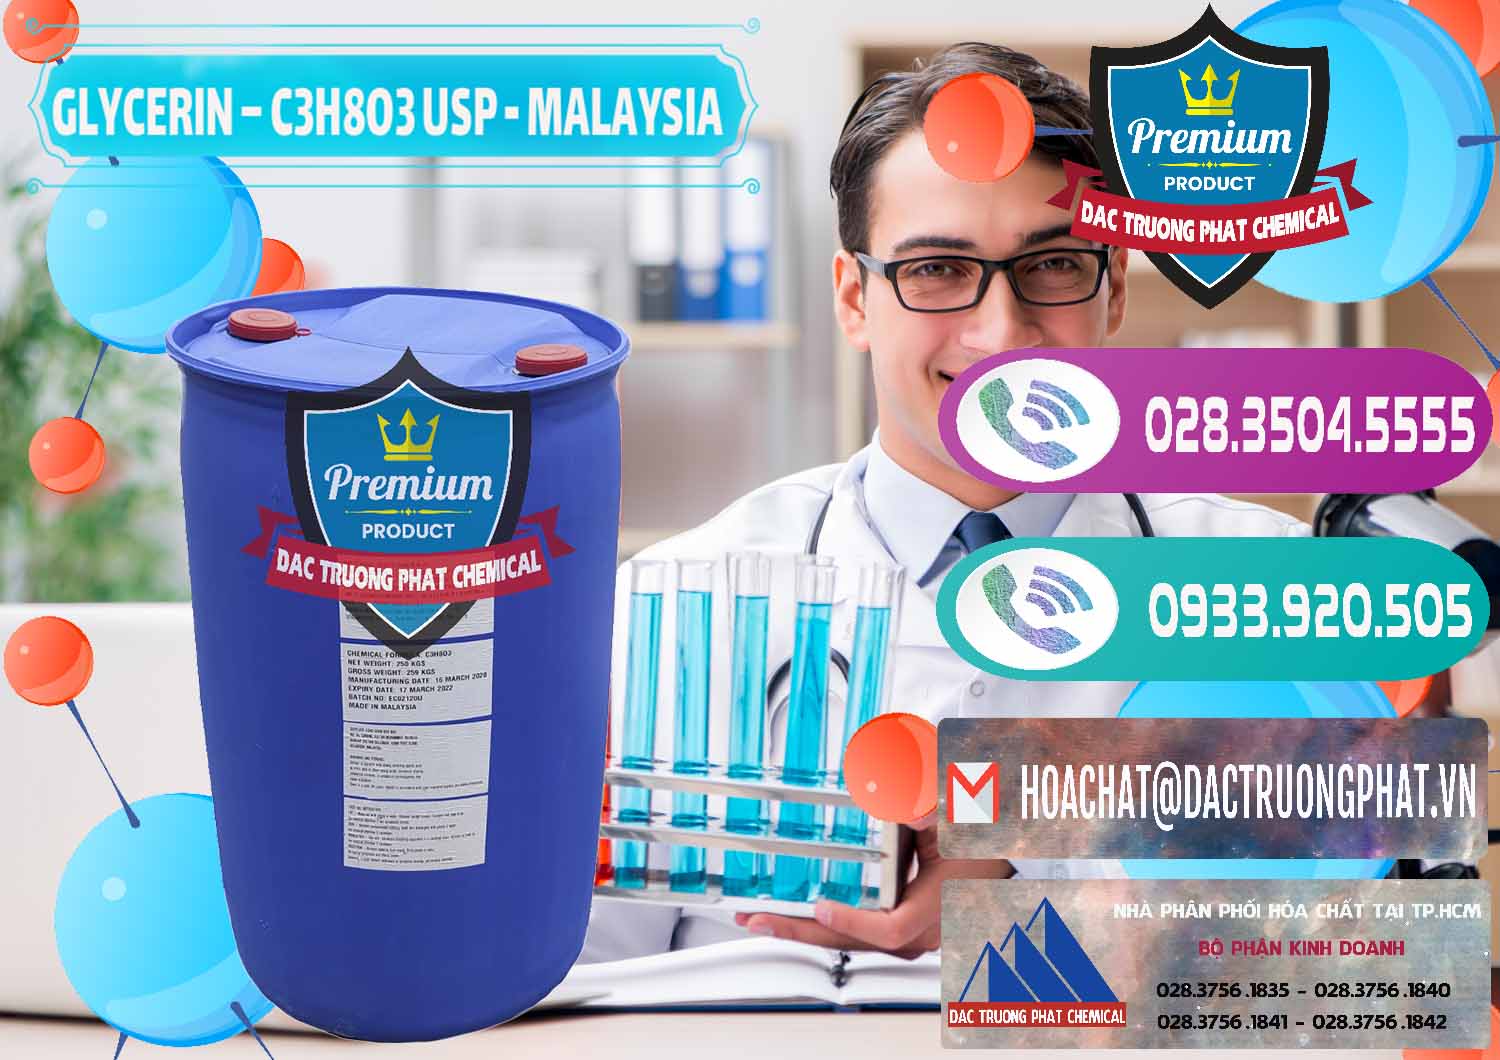 Cty chuyên cung cấp & bán Glycerin – C3H8O3 USP Malaysia - 0233 - Kinh doanh & cung cấp hóa chất tại TP.HCM - hoachatxulynuoc.com
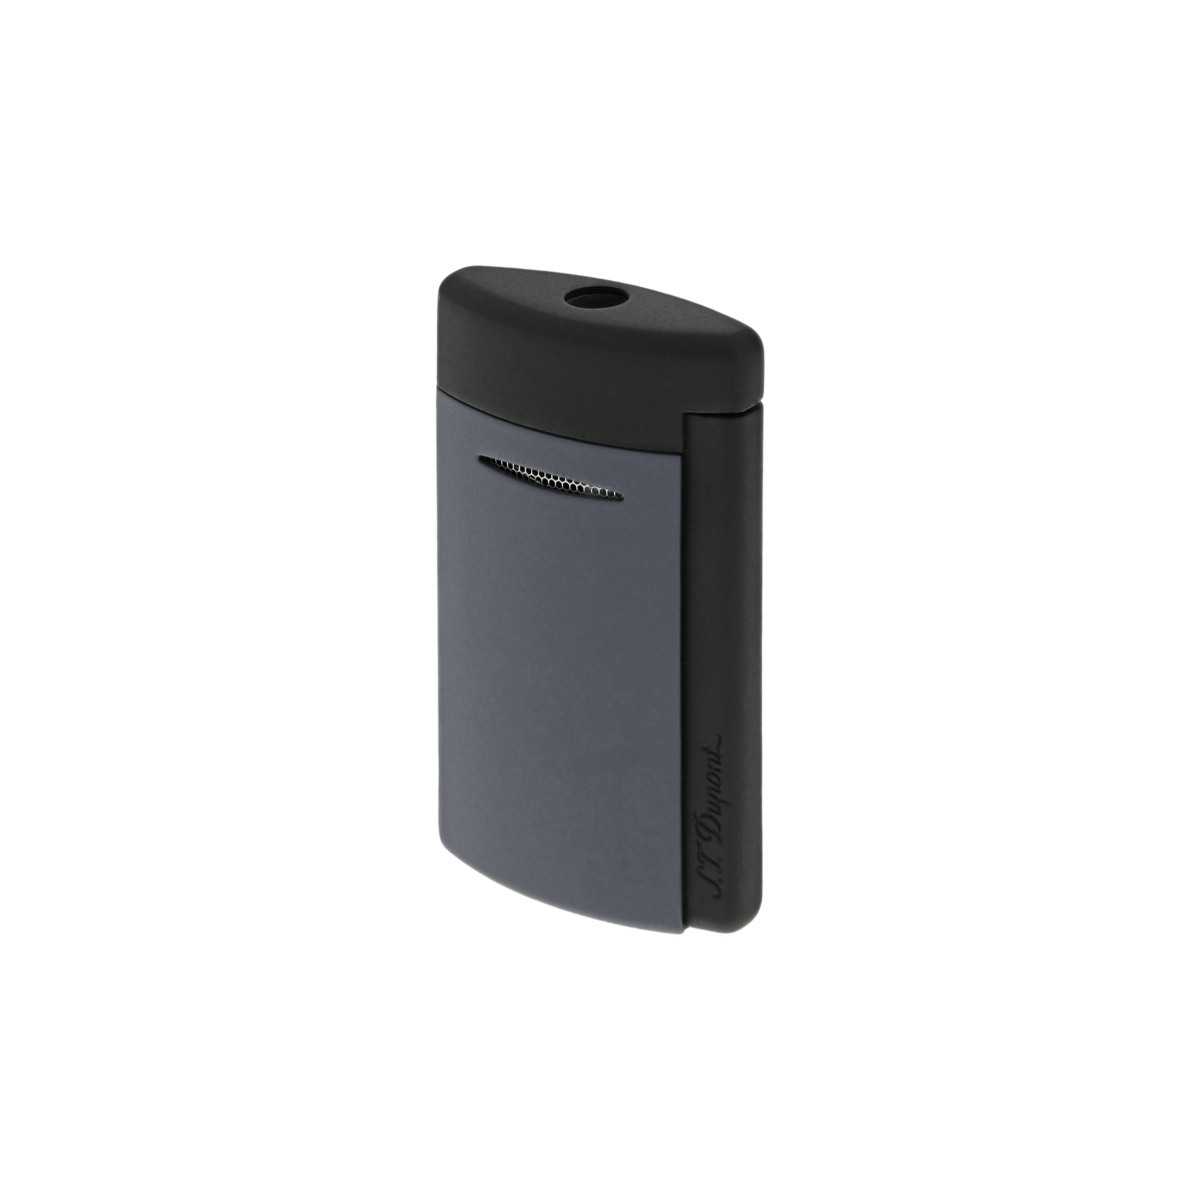 Зажигалка Minijet 10866 Цвет Серый Матовый современный лак | S.T. Dupont
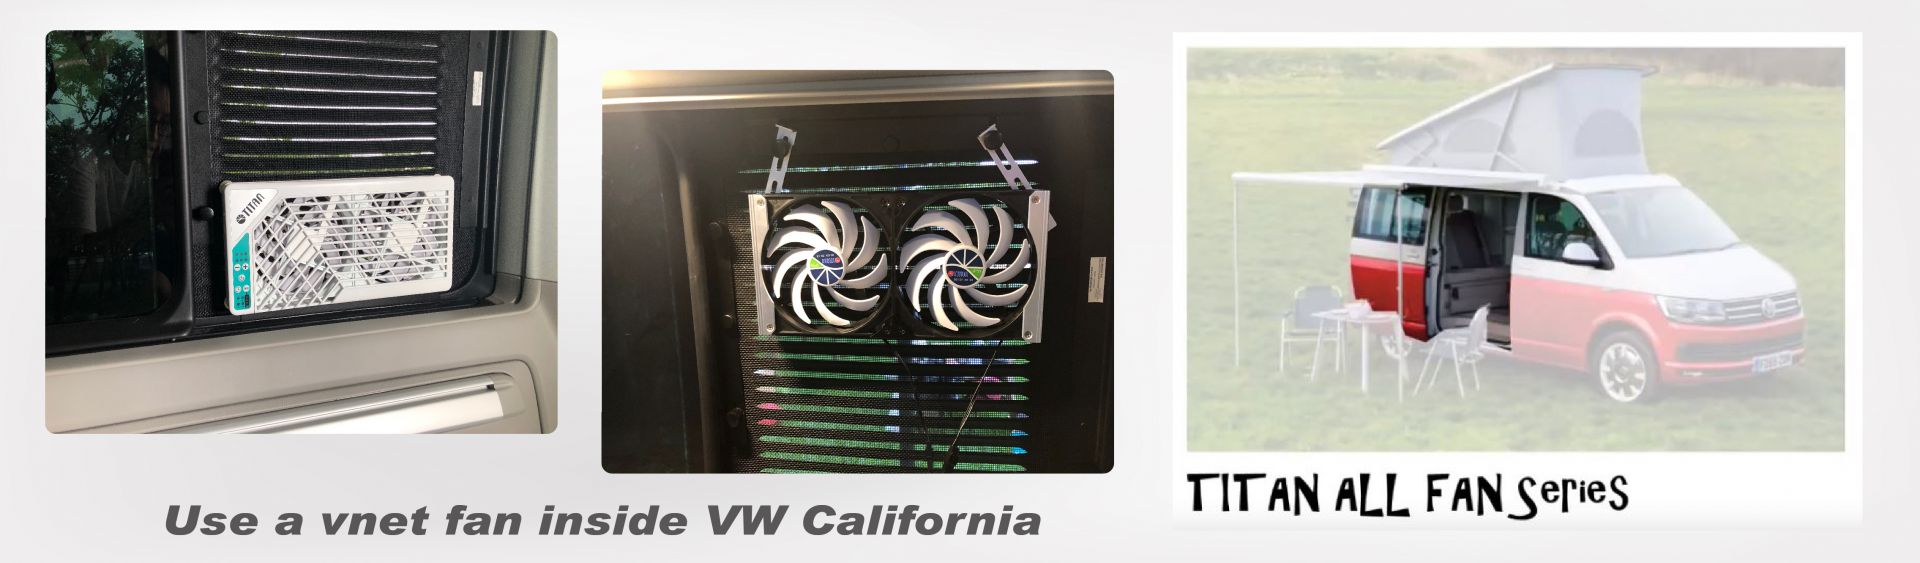 VW California'nın iç havalandırması: yan pencere

+++

Print the data above exactly; drop every picture.

> [Task solution]
 Cty chuyên cung cấp & bán Glycerin – C3H8O3 USP Malaysia - 0233 - Kinh doanh & cung cấp hóa chất tại TP.HCM - hoachatxulynuoc.com
 Зажигалка Minijet 10866 Цвет Серый Матовый современный лак | S.T. Dupont
 VW California'nın iç havalandırması: yan pencere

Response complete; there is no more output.